A dos vientos. Criticas y semblanzas
- First edition
- Author: Ramon Domènec Perés i Perés
- Language: Spanish
- Publication place: Spain

= A dos vientos. Criticas y semblanzas =

Book by Ramon Domènec Perés i Perés

A dos vientos. Criticas y semblanzas is a collection of articles in Spanish by Ramon Domènec Perés i Perés, most published in La Vanguardia between 1888 and 1892, and published as a volume in 1892.

==Analysis==
Perés defends (as in his Literary Criticism in Catalonia, of 1883) the exercise of criticism based on the information and intellectual competence, for which he cites authorities like Paul Bourget, Goncourt, Matthew Arnold, Henry James, Alas, and Pardo Bazan, among others. He discusses Menéndez Pelayo and Frederic Soler, the recent work of Palacio Valdés, Pérez Galdos, Juan Valera, Mestres, Verdaguer, Pin i Soler and Bosch de la Trinxeria, and two translations into Spanish, of Heine and of Pindar.

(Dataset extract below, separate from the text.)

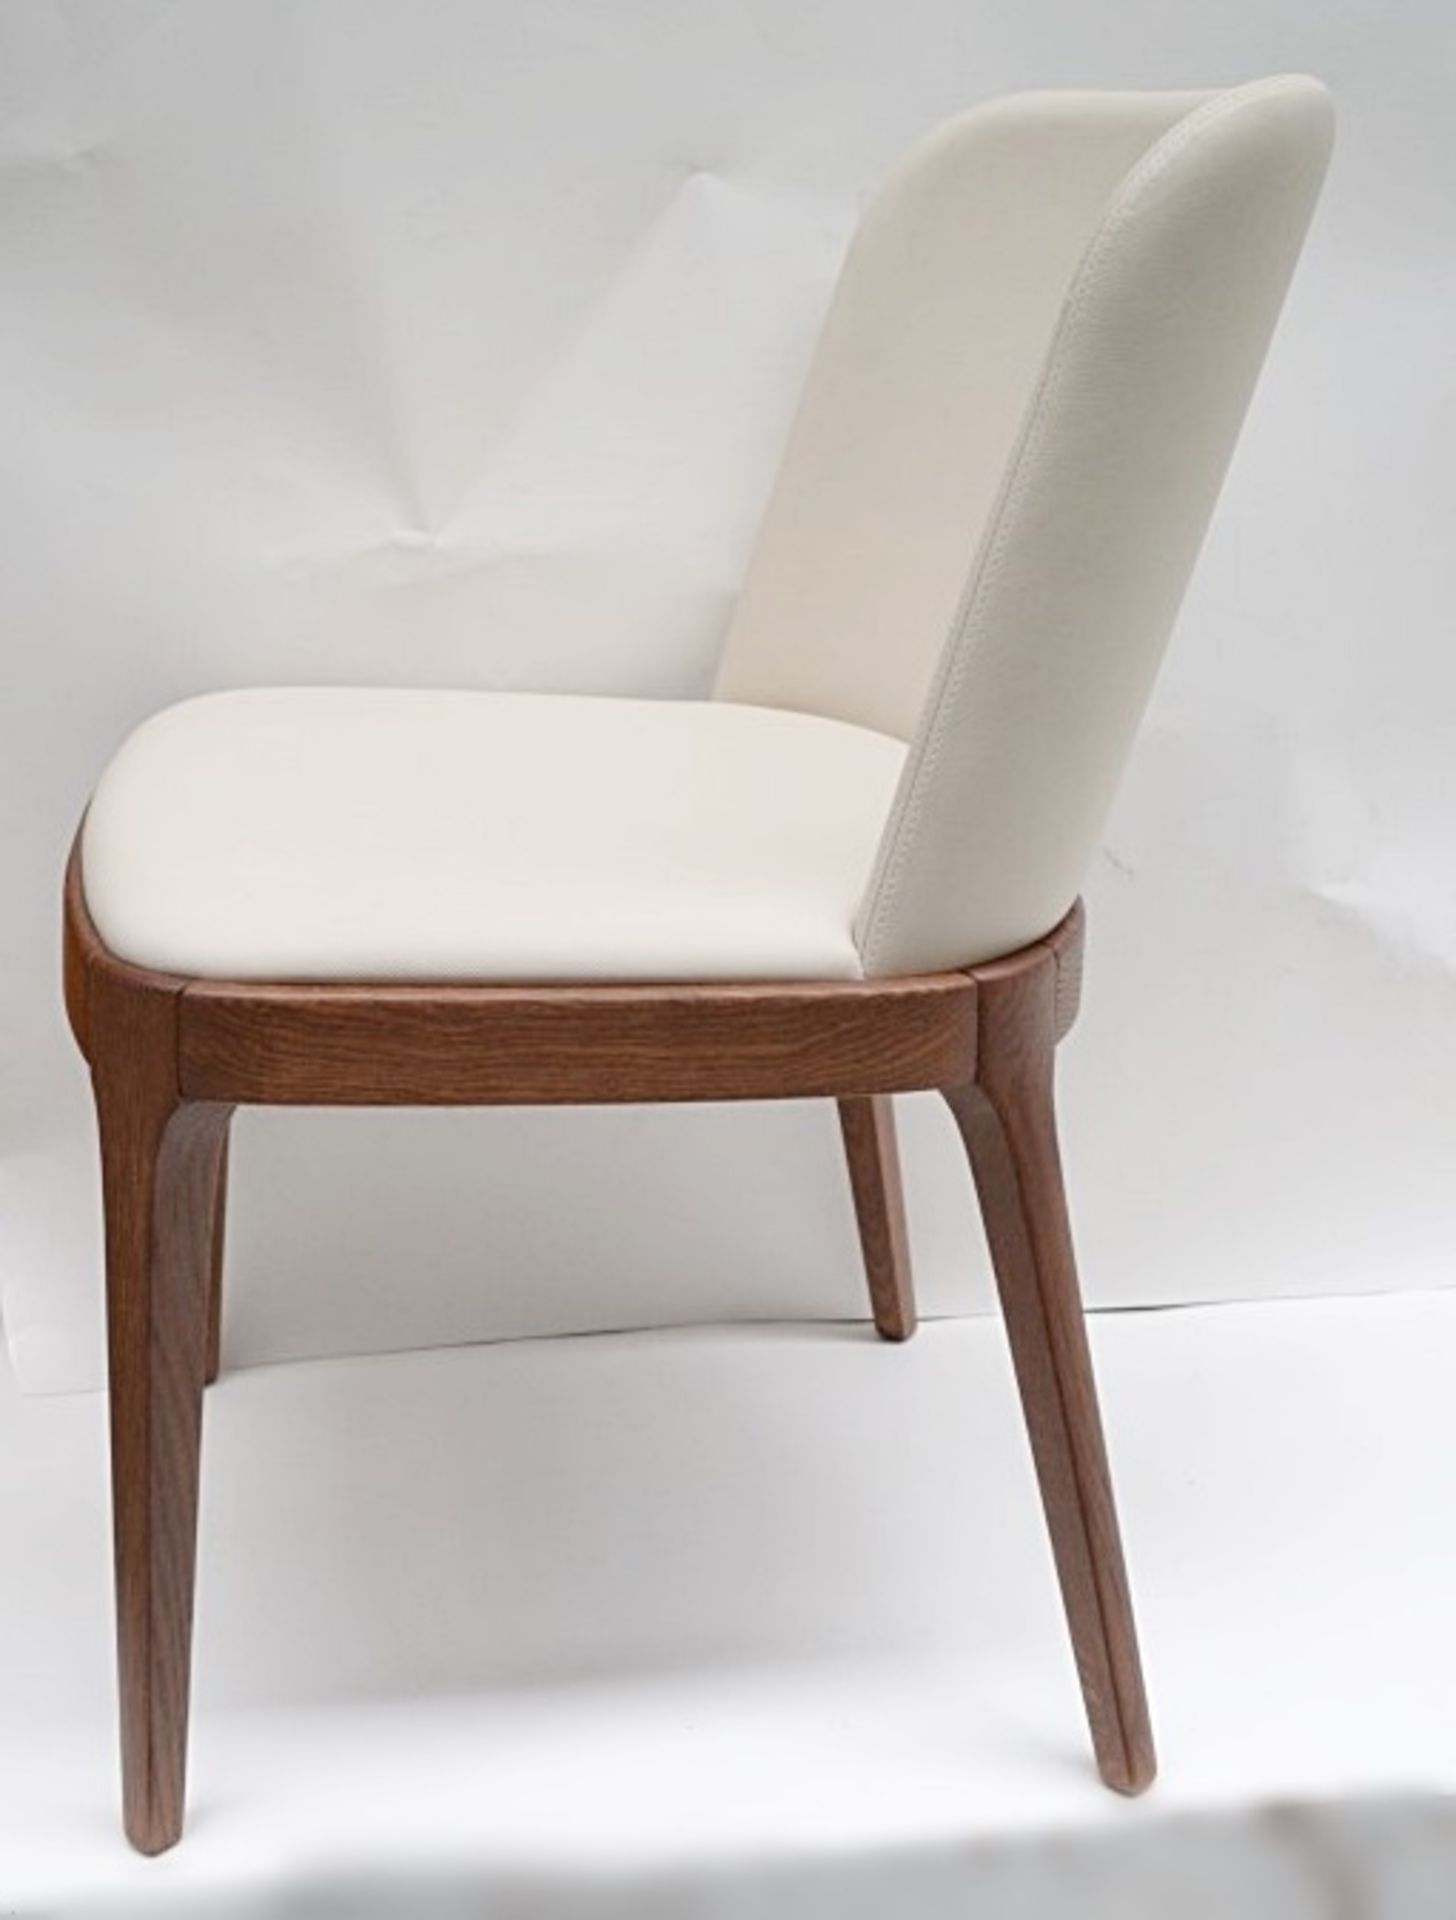 4 x Matching CATTELAN "Magda" Leather & Oak Chairs - Dimensions: w:53 d:55 h:81cm (seat height 48cm) - Image 2 of 7

He sometimes drifts from the dominant belief that realism and modernity are synonymous, in such a way that one can see (for example in the pages devoted to Galdos) the unconscious signs of the exhaustion of the Realist rhetoric.

Perés is interested in looking at Catalan literature from the perspective of the Spanish. With a spirit that evokes that of the critic Yxart, he draws a portrait in which Catalan literature is praised for its evocative realism, in an analysis that is neither condescending nor pejorative, even in line with Renaixença readings. The Catalan literary establishment is taken to task for some rigidity in their habits of production and consumption, as well as for abusive protectionism, that nonetheless does not in any way take away from the intense creativity of a Mestres or a Verdaguer.

Addressing a number of questions (the novel as a demand of economy and coherence, the idea of poetry, the value of translations in literary life, doubts about the literary value of the work of Soler, Verdaguer as an ancient poet), the volume highlights the extraordinary value of the narrative of Galdos and of the poetry of Mestres. The collection obtained favorable reviews in the press of both Barcelona and Madrid.